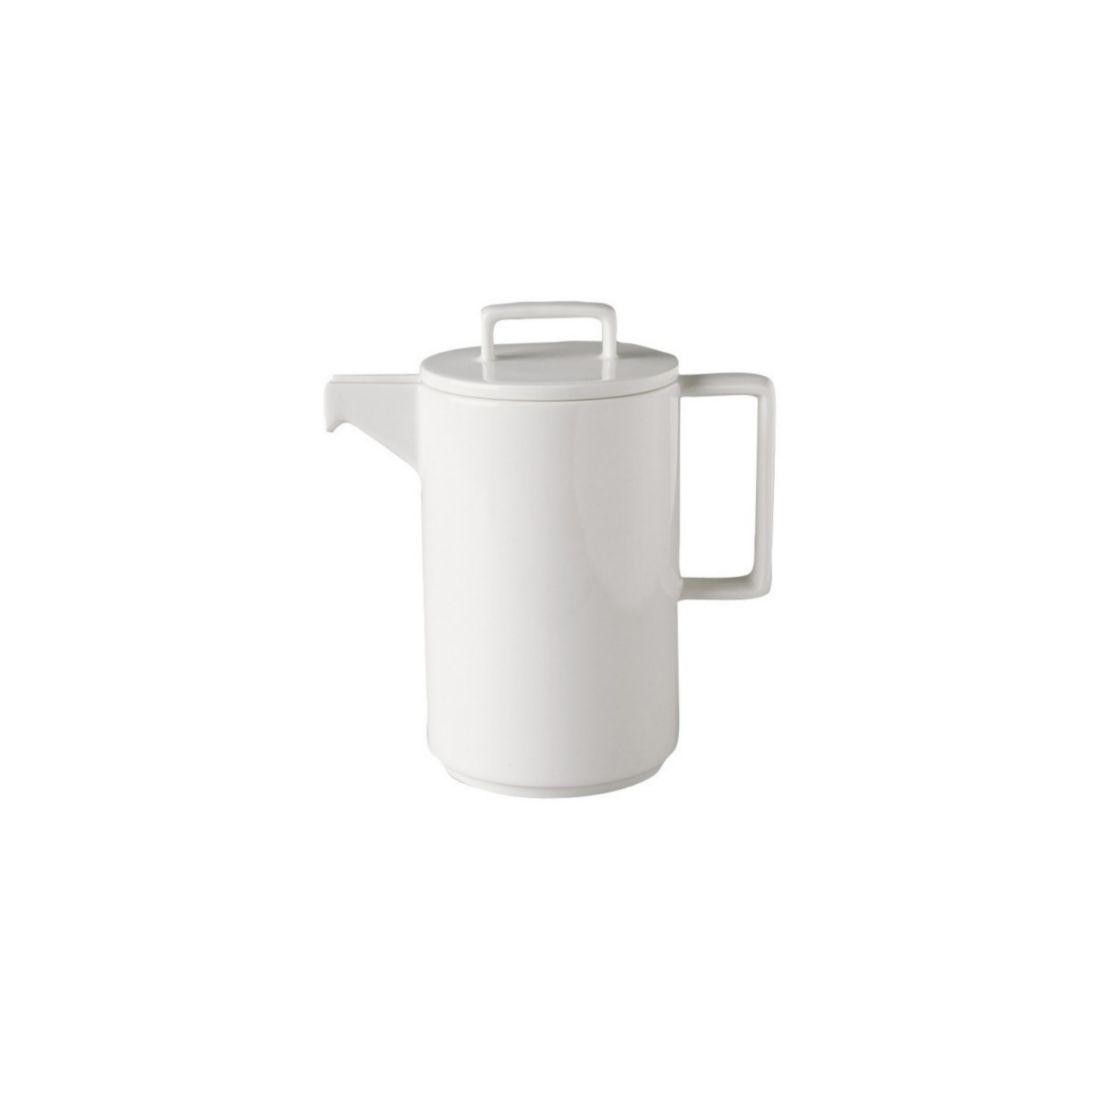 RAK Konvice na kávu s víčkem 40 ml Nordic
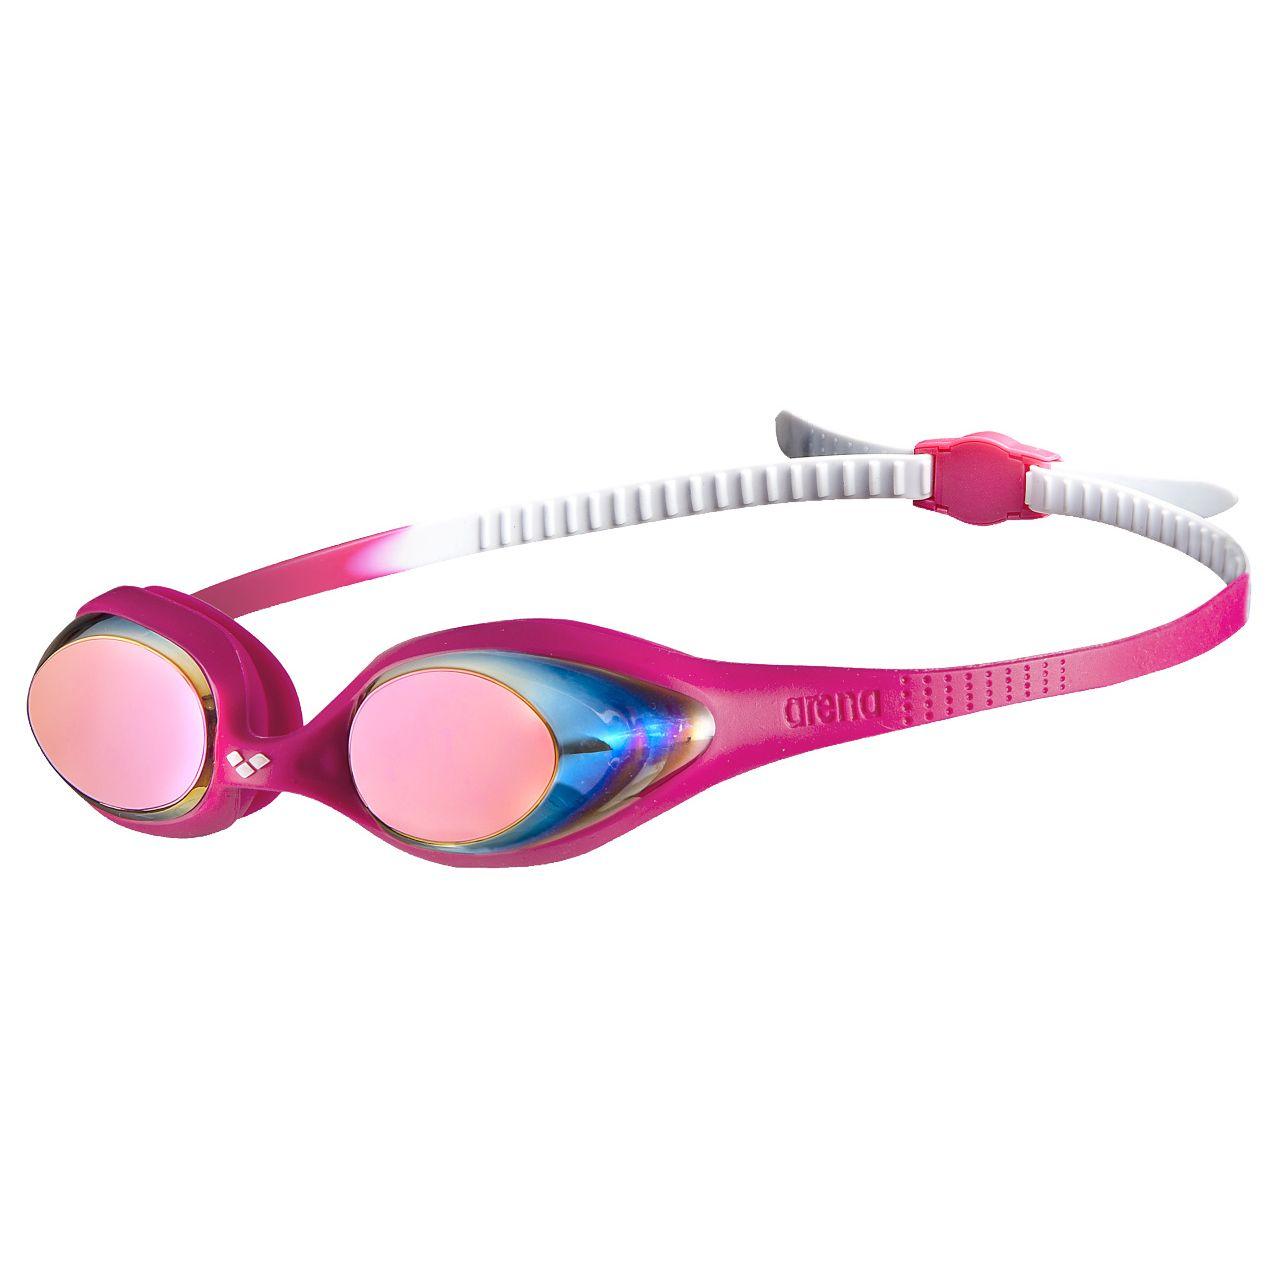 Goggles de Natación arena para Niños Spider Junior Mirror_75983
---------------
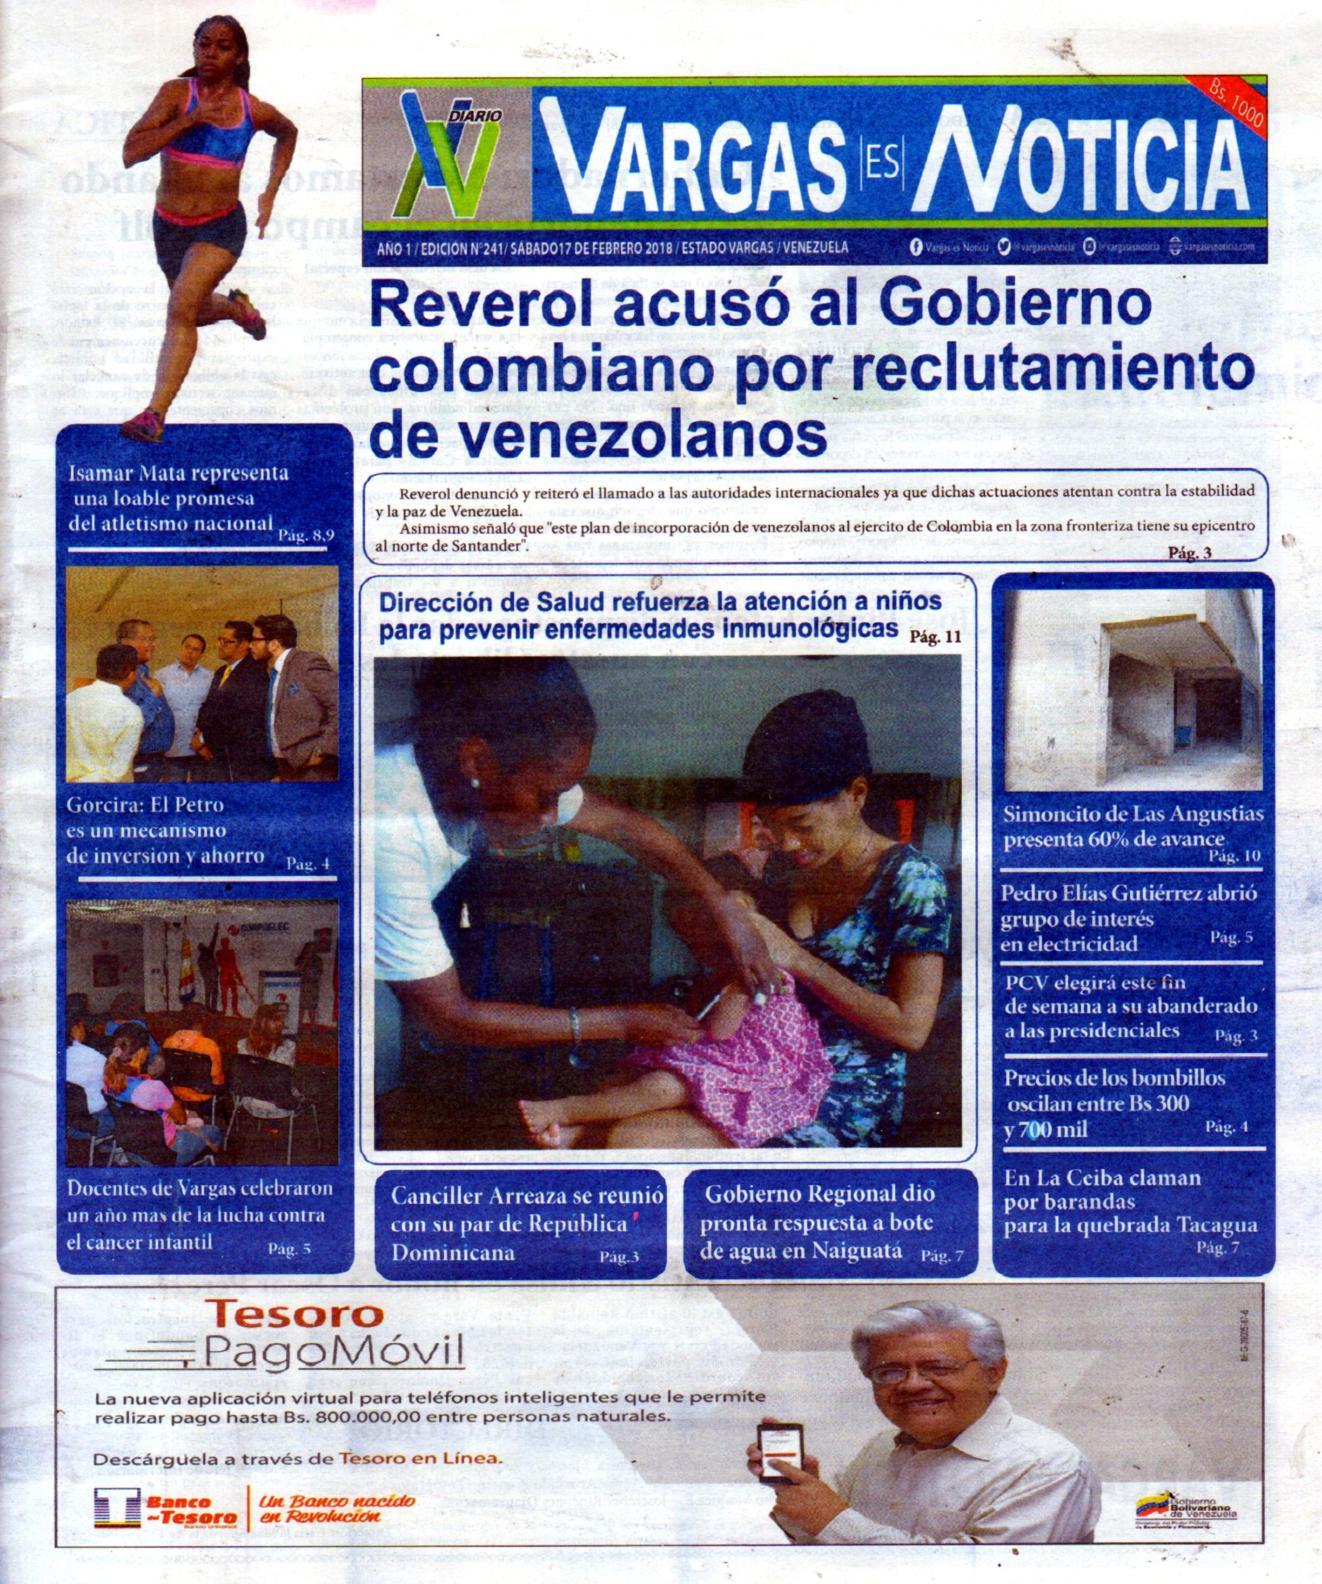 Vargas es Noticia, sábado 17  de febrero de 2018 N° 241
---------------
**Brief**.
Among the entries above, locate the line with "RAK Konvice na kávu s víčkem 40 ml Nordic" and the line with "Goggles de Natación". Give those two lines and all lines between them again, exactly, leaving out the pictures.

**Exercise answer**.
 RAK Konvice na kávu s víčkem 40 ml Nordic
 Goggles de Natación arena para Niños Spider Junior Mirror_75983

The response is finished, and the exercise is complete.